_Requirement_
Reproduce word for word, from the entries below, the line with "Jeune femme jambe", the line with "Edox Delfin Mecano: созданы", and every line between them, and nothing more.

_Supplied material_
□ □ □
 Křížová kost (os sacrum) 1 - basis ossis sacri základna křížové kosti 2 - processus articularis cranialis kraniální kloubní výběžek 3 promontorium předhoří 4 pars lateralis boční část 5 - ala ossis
□ □ □
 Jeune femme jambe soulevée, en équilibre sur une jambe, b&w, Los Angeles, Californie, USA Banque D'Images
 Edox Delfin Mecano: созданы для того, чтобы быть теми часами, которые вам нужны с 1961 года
□ □ □
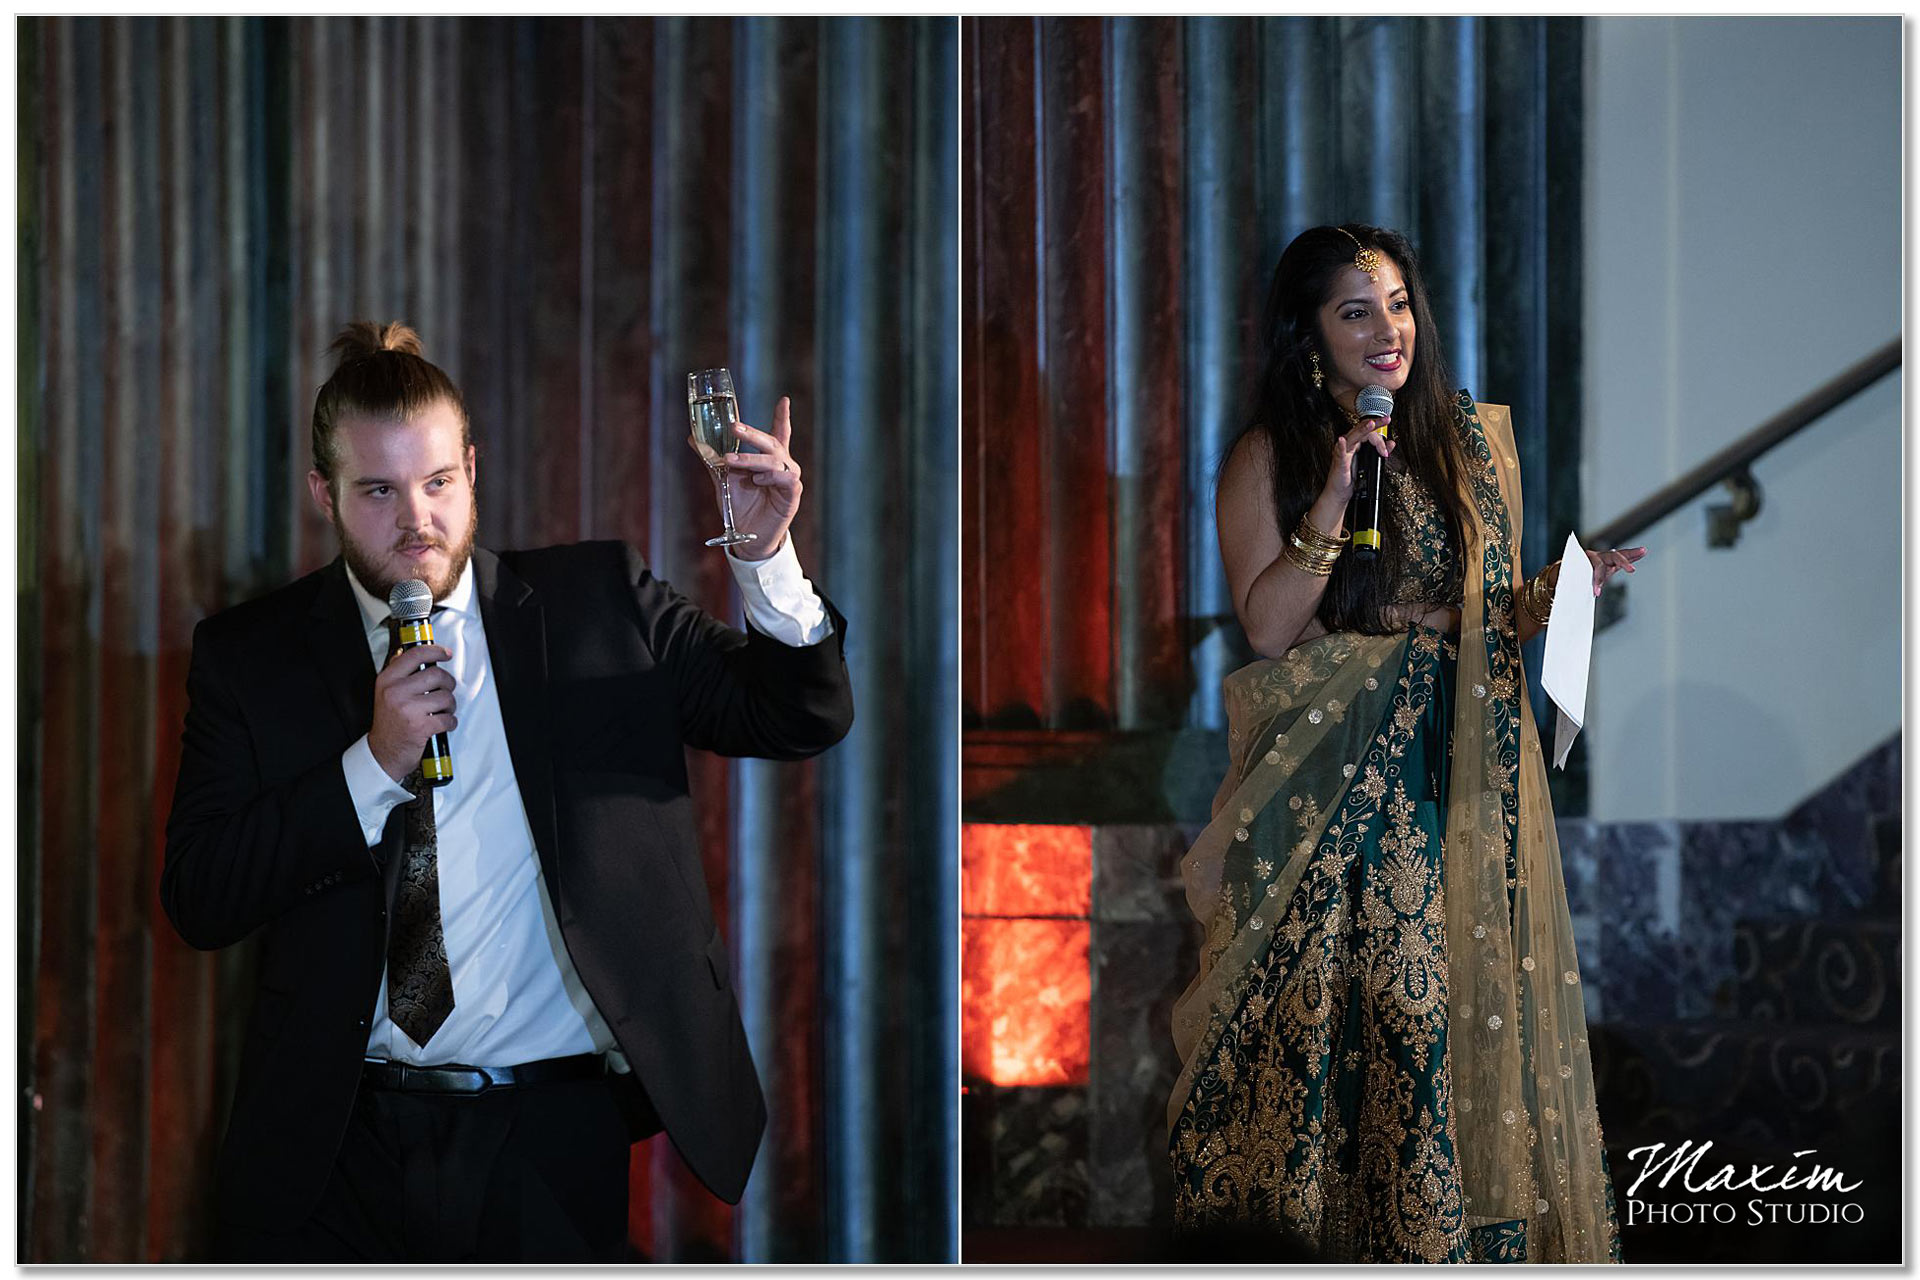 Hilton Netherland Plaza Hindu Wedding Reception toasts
□ □ □
_Solution to this problem_
 Jeune femme jambe soulevée, en équilibre sur une jambe, b&w, Los Angeles, Californie, USA Banque D'Images
 Edox Delfin Mecano: созданы для того, чтобы быть теми часами, которые вам нужны с 1961 года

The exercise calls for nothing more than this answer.